Ms. Wilson’s responses get longer as she goes on about her meetings with the Prime Ministers and Presidents of countries in Asia, South America, and Africa. About the formal dinners and state functions. The arduous journeys to out of the way places and famous sites. The difficult negotiations and how she handled herself. It’s all stimulating. Yet, it seems no time before Deborah comes in to announce that’s all for today. The two hours Ms. Wilson allotted for my visit are up.
“Well, Liz, this was productive.”
“I’m sorry I can’t stay with you longer,” Ms. Wilson says. “I could go on and on, but I must get ready to leave for London.”
“Of course, I understand,” I say. “It’s what we planned. I have a solid foundation. I’ll go back to my home office and get started on it.”
“I’m glad we got as much done as we did,” she says. She gets up. We shake hands. I tell her to remember that after today she’ll have a clearer picture of what else she wants to include.
When she’s gone Deborah stays with me another minute. She stares at her phone. When she looks up, she says, “She will see you on the twenty-first. Same time as today.”
She’s not asking me. It comes out as a command. I get it. I do.
It turns out to be a week after that, but that’s no problem for me. I finish a project and chase a lead on another.
Now that we have something to work with, there’s not much chit chat about the weather and our summer travels. We get right into it. Our meeting turns out to be as productive as the first. Ms. Wilson’s story builds. It becomes layered and complex. By our third meeting she tells me about the tragic death of her first husband, who was killed in a plane crash in Colorado. Five years later she married a former ambassador, a man she had met in Germany a decade earlier, who remains her partner.
At the end of that she pauses in thought. “You know, I would like this to be more than about me. We can work it into what you have.”
“Yes, of course. In fact, I made a note we might want to mention something about your grandfather Roger, since he was here first and made the company what it is today.”
“I was thinking that too,” Ms. Wilson says. “Coming here with twenty-four dollars and doing what he did. At such a young age, I can’t imagine how difficult that was. He was a persistent man. We owe all this to him.”
From there she stares straight ahead as if fixated on something she’s seeing for the first time. Except to pause to sip her tea, she goes on uninterrupted for the next twenty minutes while my recorder runs, and I write in my yellow pad.
Roger Wilson was born into a family of laborers in Sheffield, England. He was twenty when he boarded a steamer at Liverpool to sail to America. Even if his family was skeptical, he was adamant that one day he would send the funds for them to join him.
“It took years, but he kept his promise,” Ms. Wilson says. “Just as he said he would. He wasn’t going to call for them until he knew he could give them a good life.”
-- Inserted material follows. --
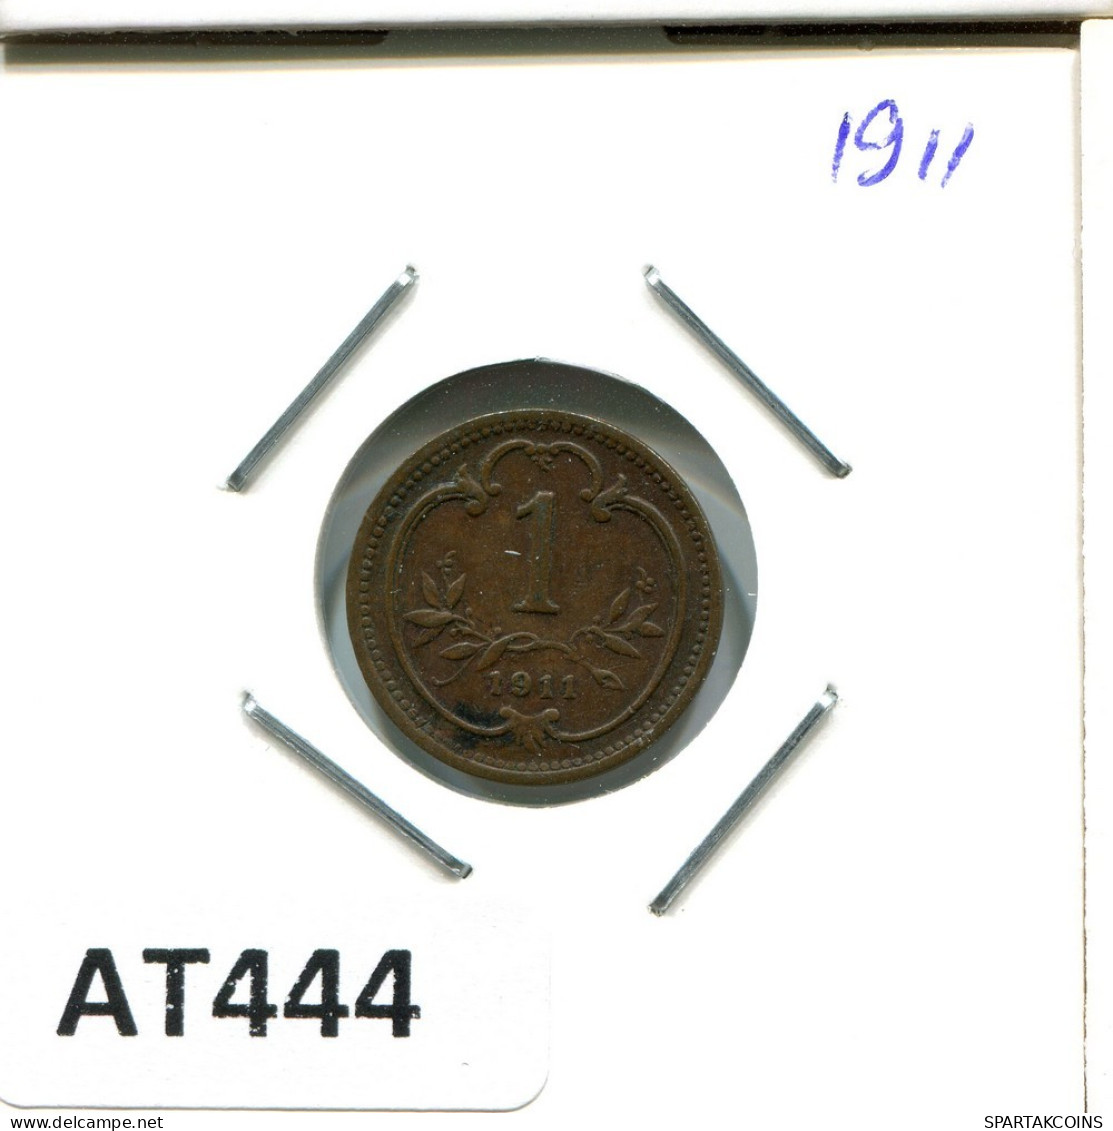 1 HELLER 1911 ÖSTERREICH AUSTRIA Münze #AT444.D.A - Oesterreich

Roger settled in Paterson, New Jersey. He worked during the day and took classes at night. A degree in finance began a career that took him from being a loan processor at a local bank to becoming its CEO. In that role he merged it with several other banks then acquired a large New York bank and gave the company a new name, Liberty Investments. After Roger’s death at sixty-six her father was appointed his successor. Martin’s expansion of Liberty Investments’ financial services stretched its global reach.
“He scooped up more companies, made me a partner, and sent me out to open new markets,” Ms. Wilson says.
That was in 1980. It’s at this point Ms. Wilson pauses. She looks at me to see if I know where she wants to go from here. I don’t. Since I’m not sure, I have nothing to relate to her.
“I didn’t know until much later,” she says. “It needs to be mentioned.”
“Yes, of course,” I say.
She would learn it later. Not from her father, but from a close associate at the firm.
What she didn’t know until then was Liberty Investments’ involvement in helping to finance the German government from 1933 to 1942.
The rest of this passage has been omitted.